Third, all tests that involve preprocessing, compiling, linking, and
running operator through base
. Two forms of this check are provided
for each operation. The first is an “output” form which is intended to
provide the status and complete output of the command. The second, or
“check” form will return a success or failure indication based upon the
status and output.

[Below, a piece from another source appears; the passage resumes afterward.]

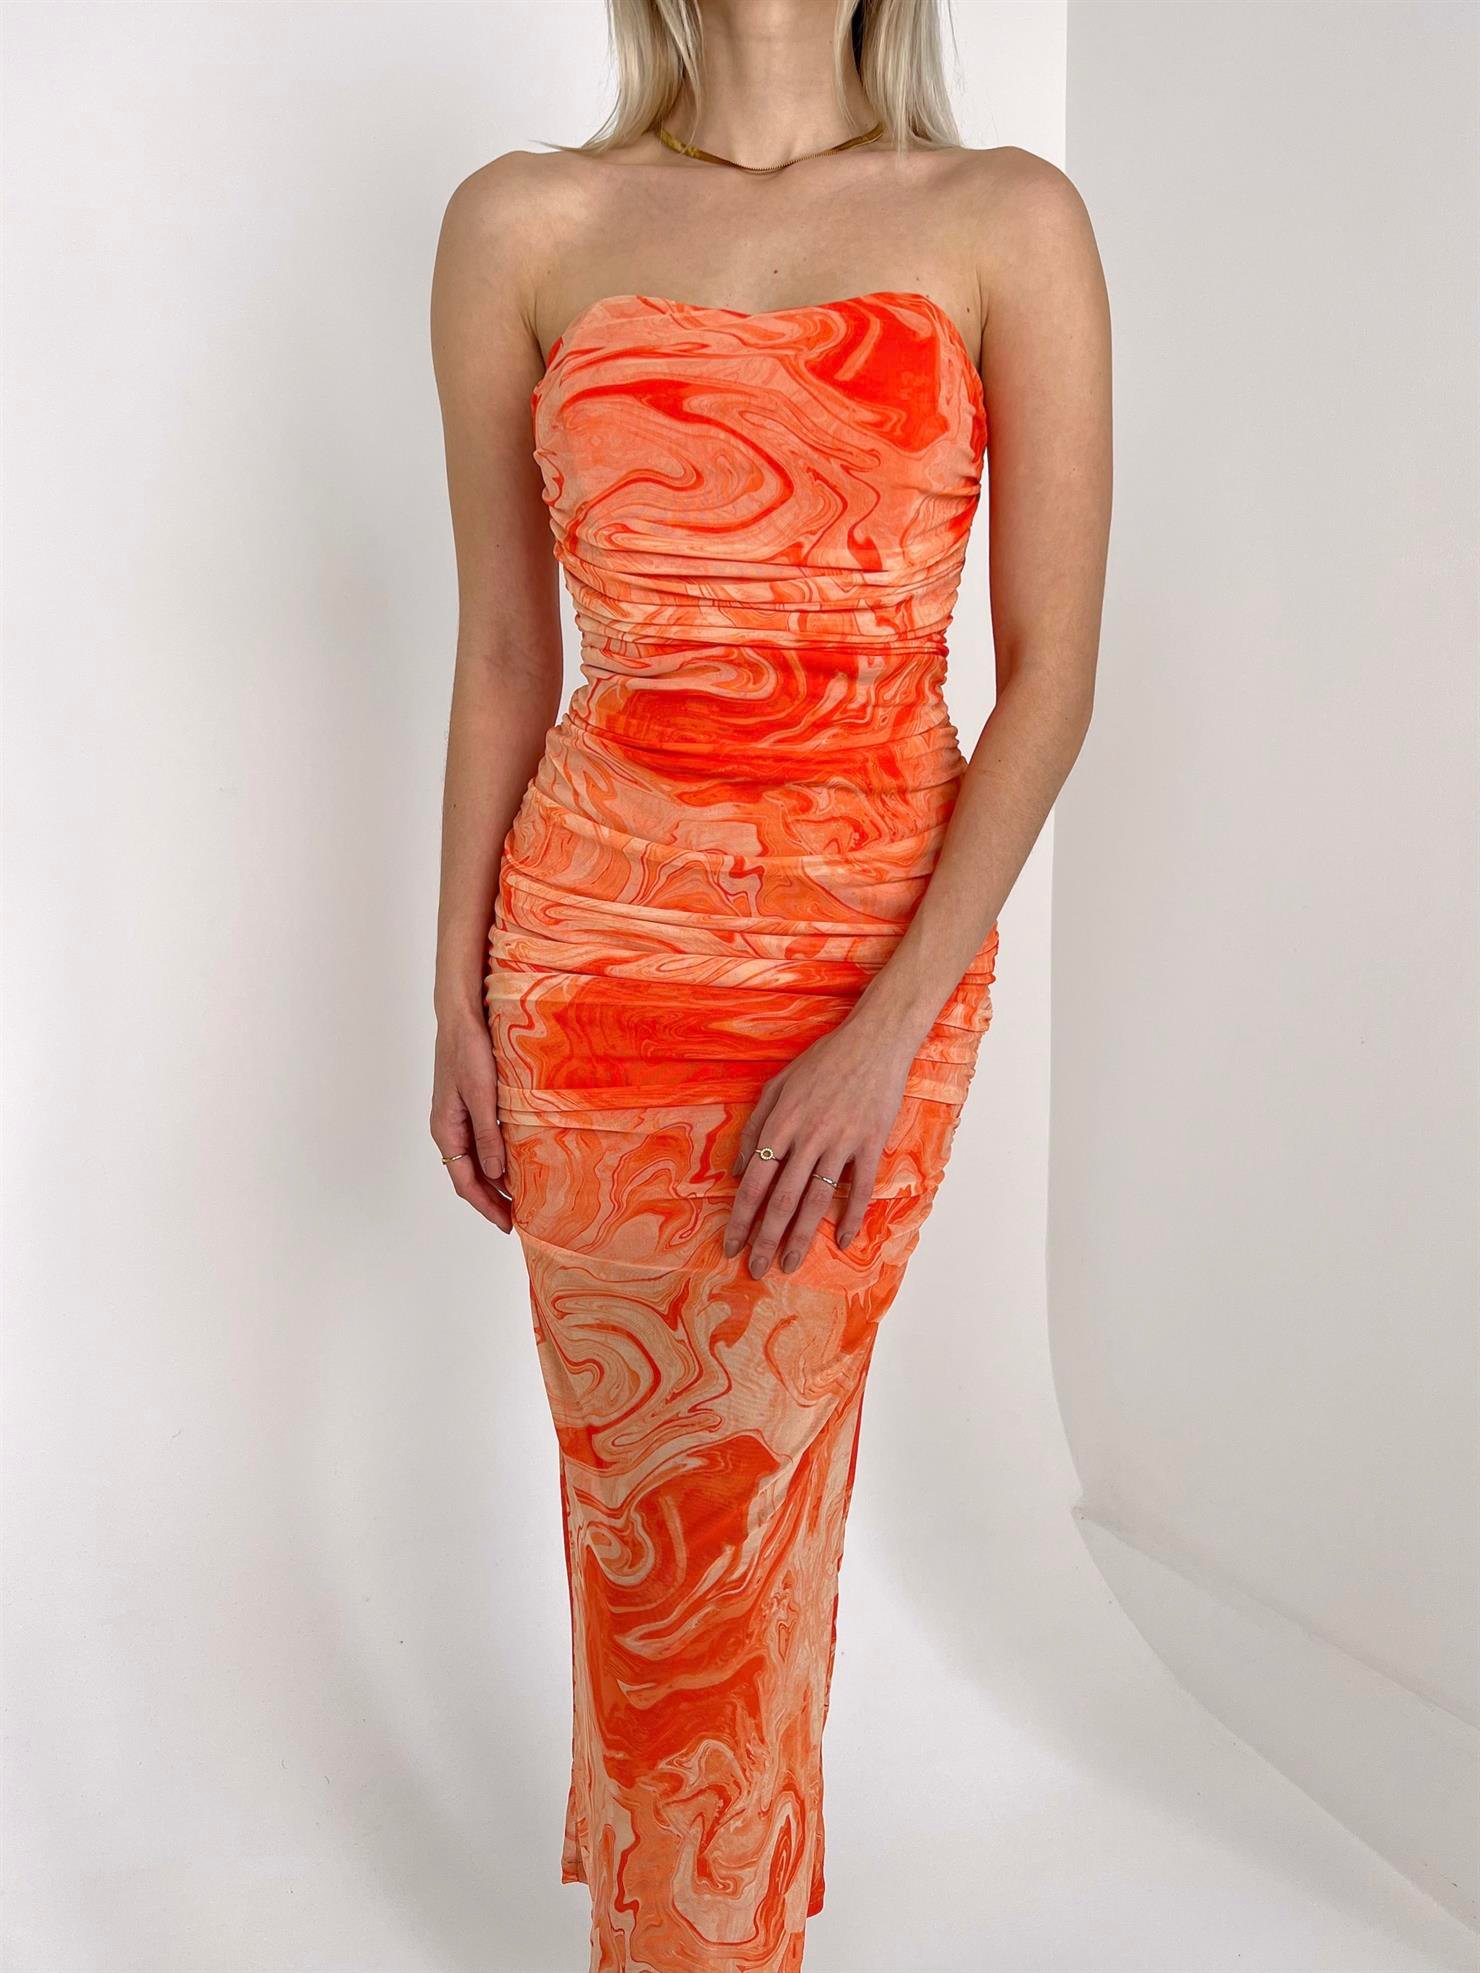 Straplez Drape Detaylı Pacers Kadın Somon Desenli Tül Elbise 23Y000122

The routines are
outputPreprocess(), checkPreprocess(), preprocess()
outputCompile(), checkCompile()
outputLink(), checkLink()
outputRun(), checkRun()
The language used for these operation is managed with a stack, similar
to Autoconf, using pushLanguage()
and popLanguage()
. We also
provide special forms used to check for valid compiler and linker flags,
optionally adding them to the defaults.
checkCompilerFlag(), addCompilerFlag()
checkLinkerFlag(), addLinkerFlag()
You can also use getExecutable()
to search for executables.
After configure tests have been run, various kinds of output can be
generated.A #define statement can be added to the configure header using
addDefine()
, and addTypedef()
and addPrototype()
also put
information in this header file. Using addMakeMacro()
and
addMakeRule()
will add make macros and rules to the output makefiles
specified in the framework. In addition we provide addSubstitution()
and addArgumentSubstitution()
to mimic the behavior of Autoconf if
necessary. The object may define a headerPrefix
member, which will
be appended, followed by an underscore, to every define which is output
from it. Similarly, a substPrefix
can be defined which applies to
every substitution from the object. Typedefs and function prototypes are
placed in a separate header in order to accommodate languages such as
Fortran whose preprocessor can sometimes fail at these statements.